▶ **REQUIRED ACTION**: With every picture left out, restate the listing below exactly as written.

──────── DATA PROVIDED ────────

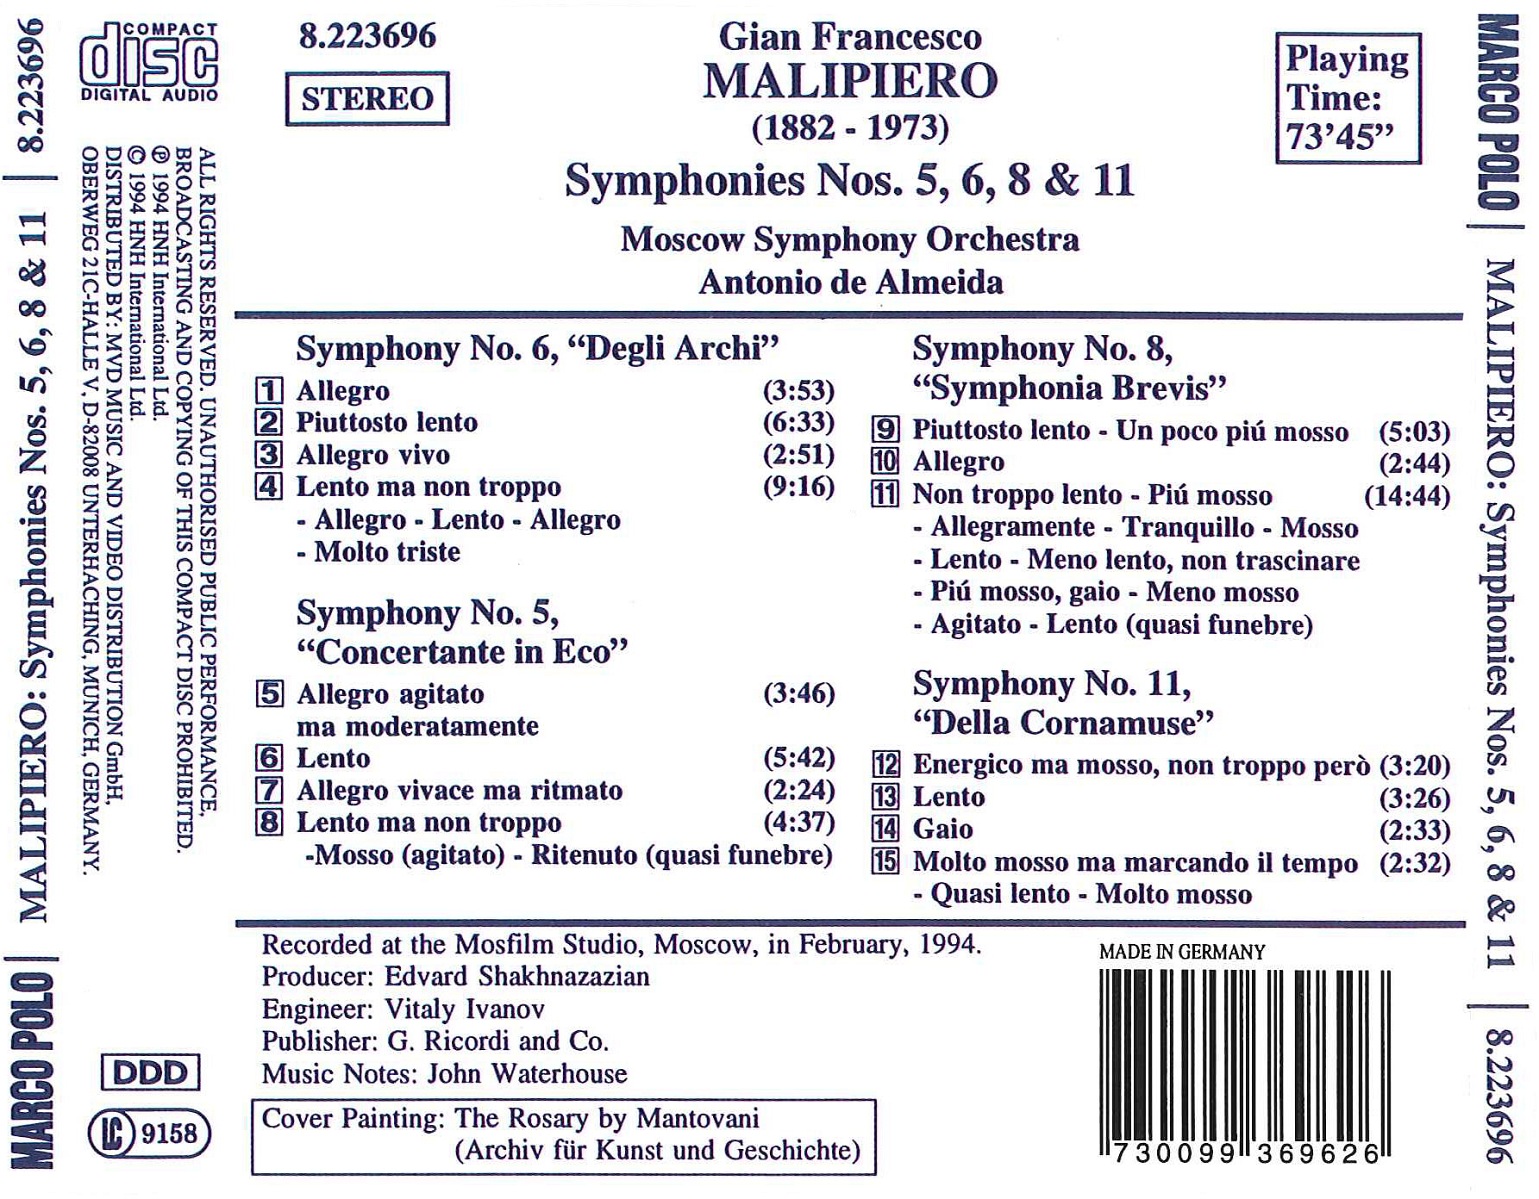 MALIPIERO: Symphonies nos 5, 6, 8 & 11 - slide-1
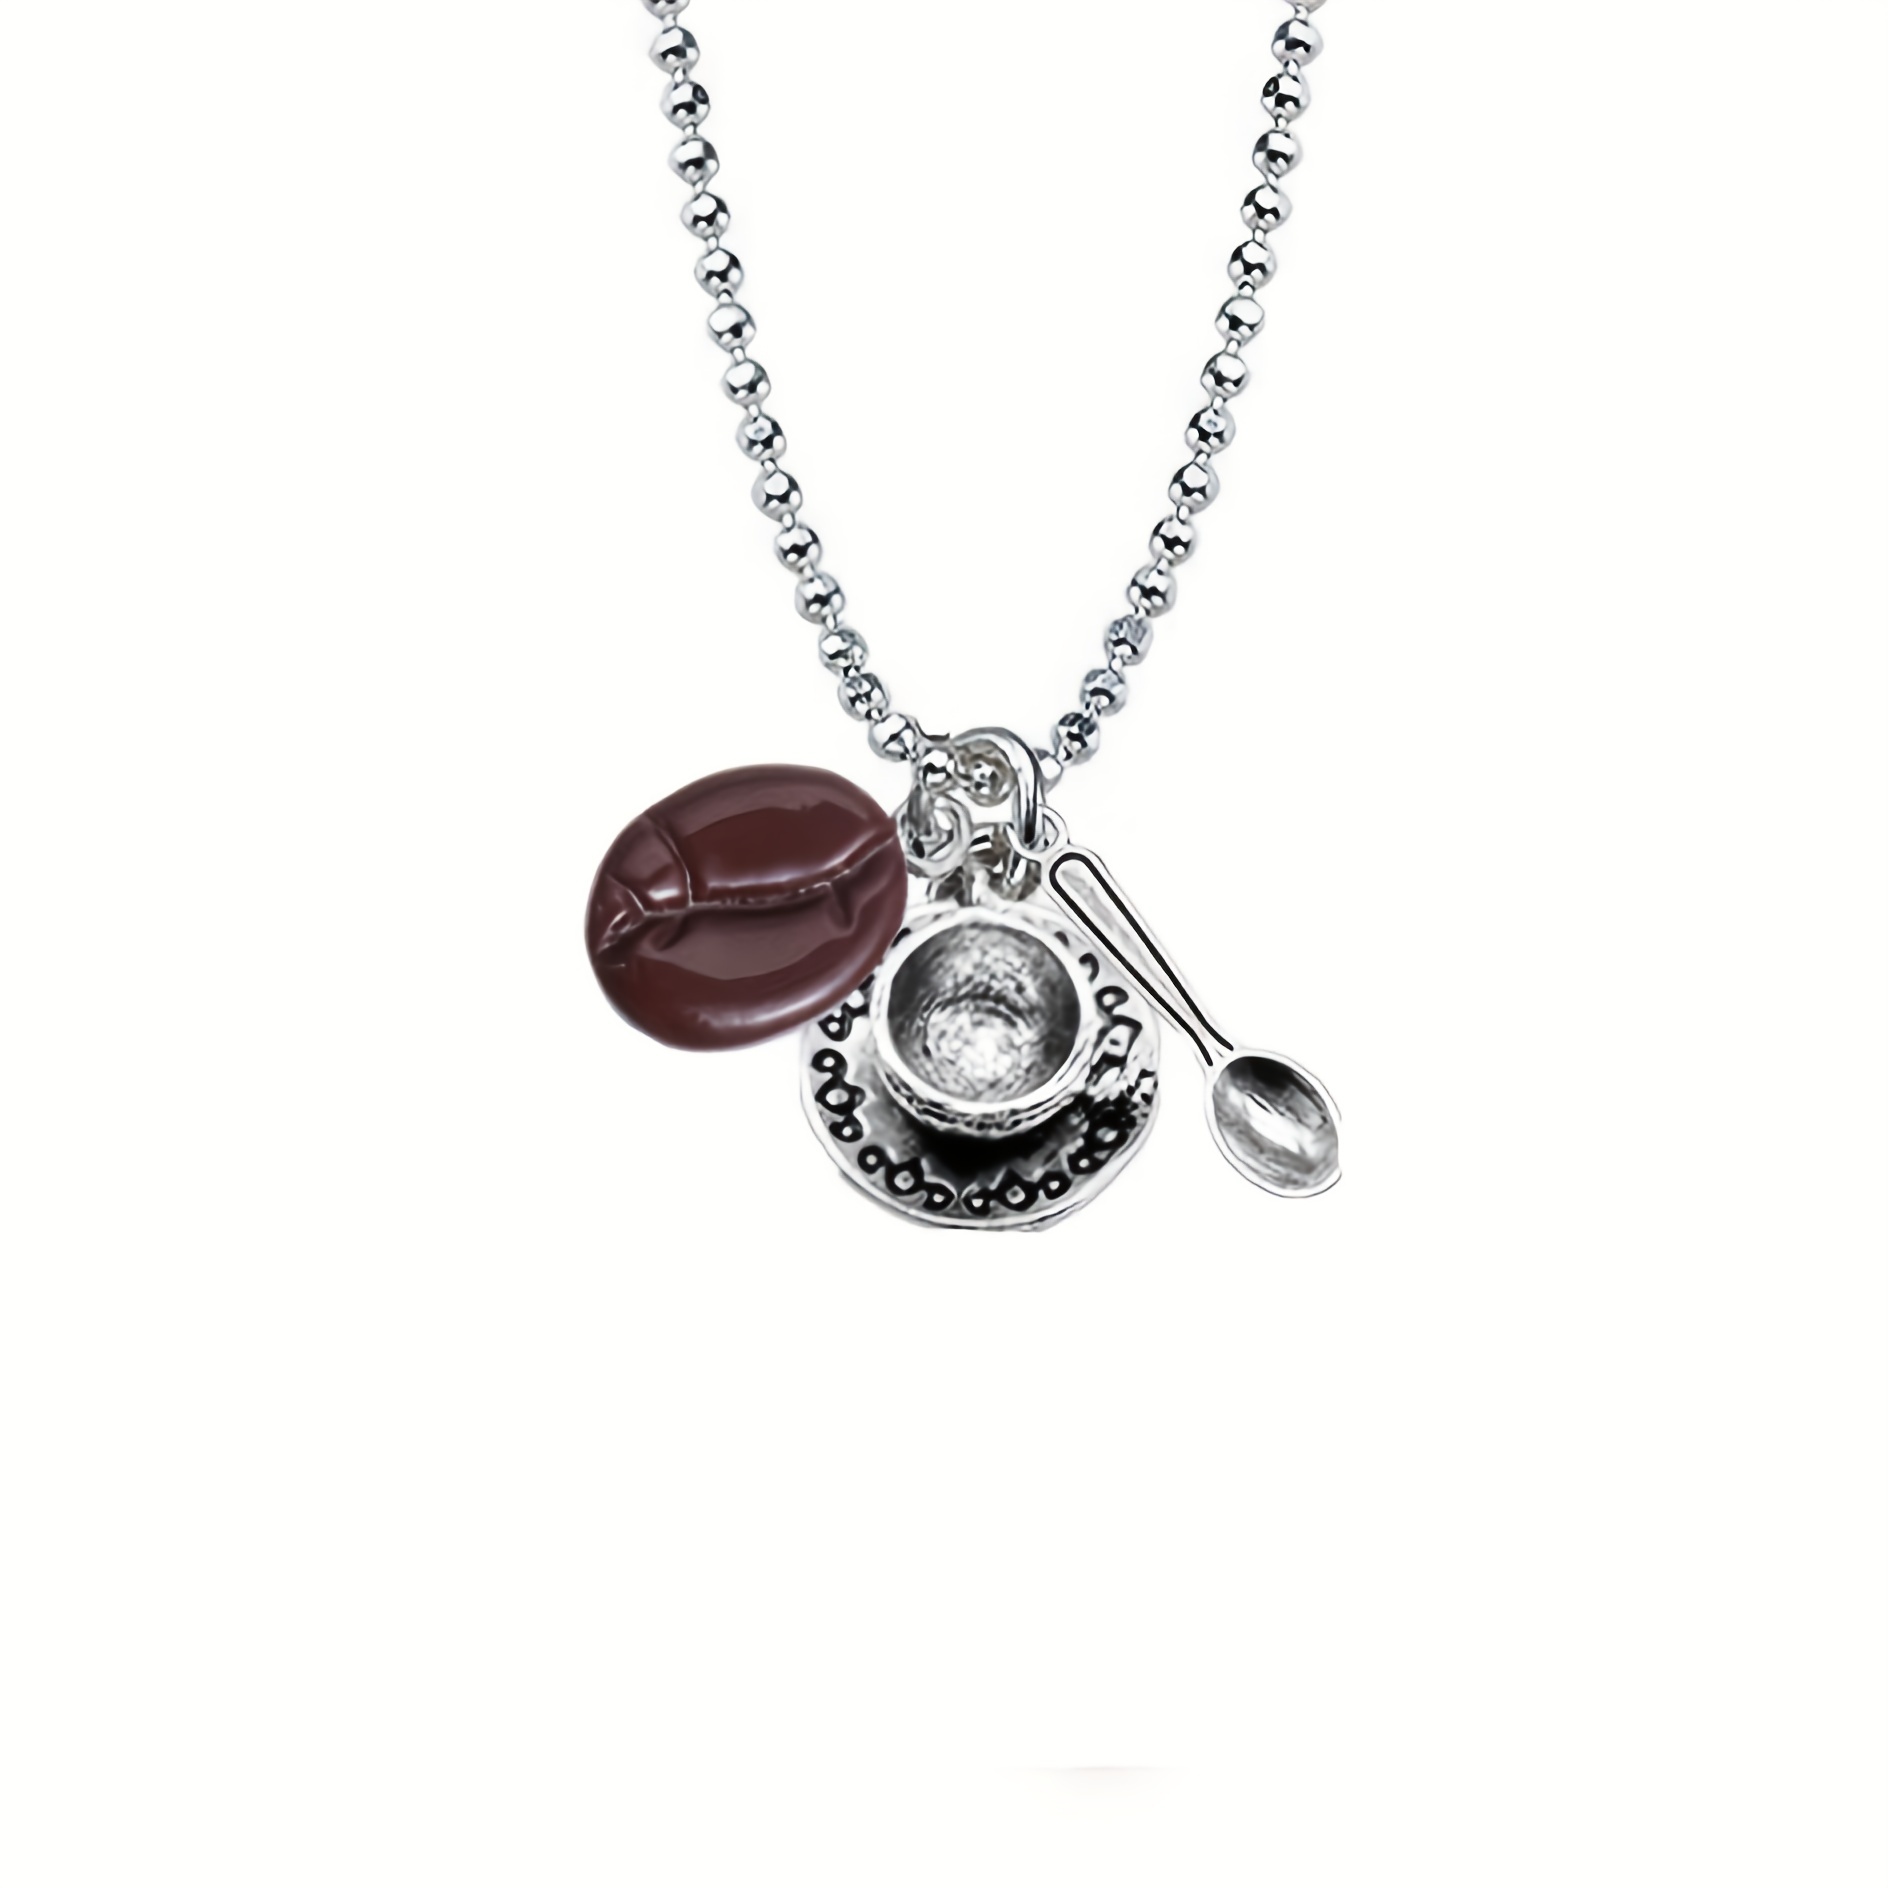 stash necklace with spoon Men Woman Capsule Pendant Necklace
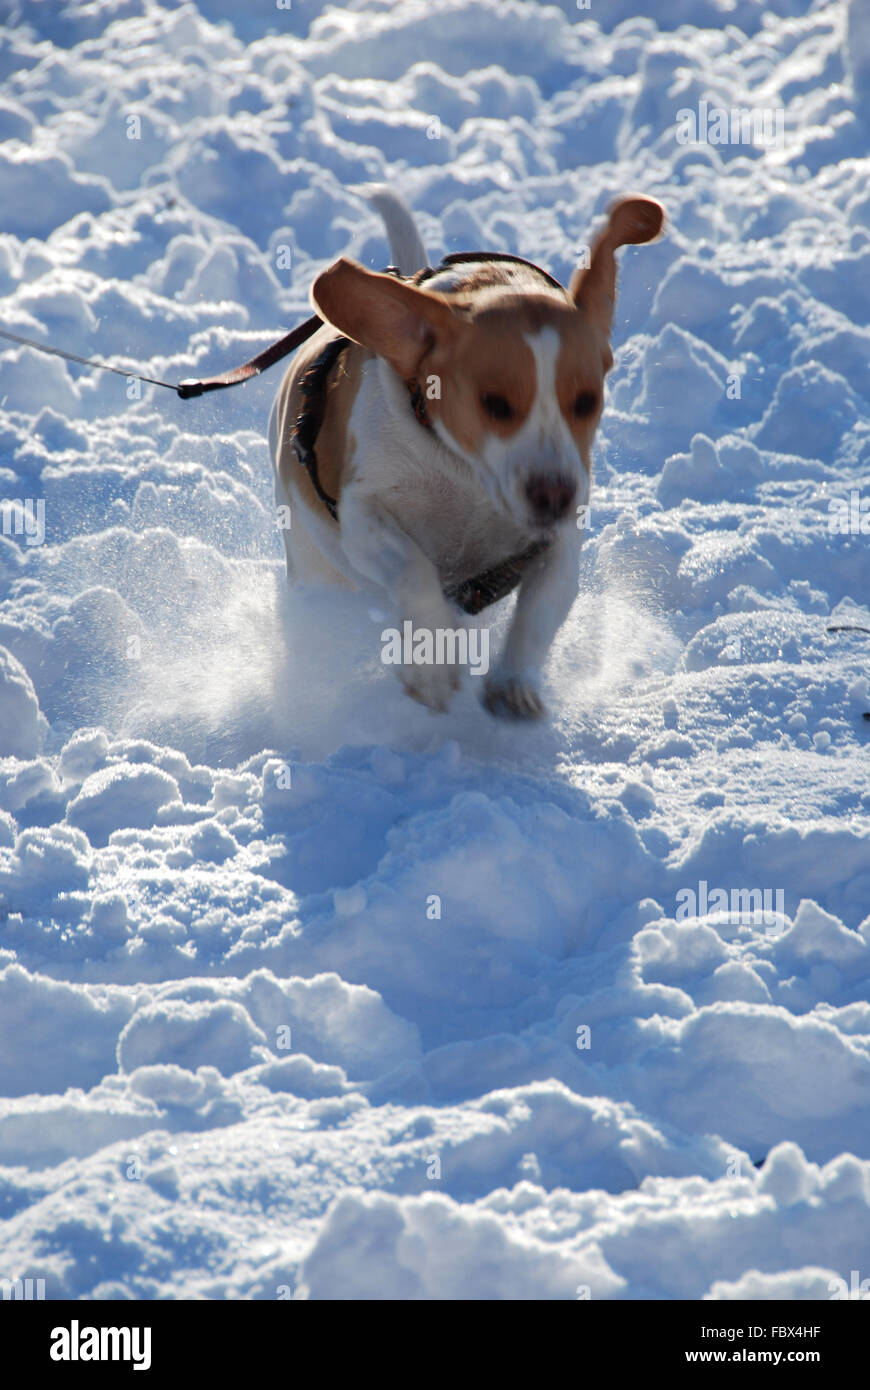 Dog in full speed enjoying the snow Stock Photo

────────

▶ **WORKED SOLUTION**:
 MALIPIERO: Symphonies nos 5, 6, 8 & 11 - slide-1
 stash necklace with spoon Men Woman Capsule Pendant Necklace
 Dog in full speed enjoying the snow Stock Photo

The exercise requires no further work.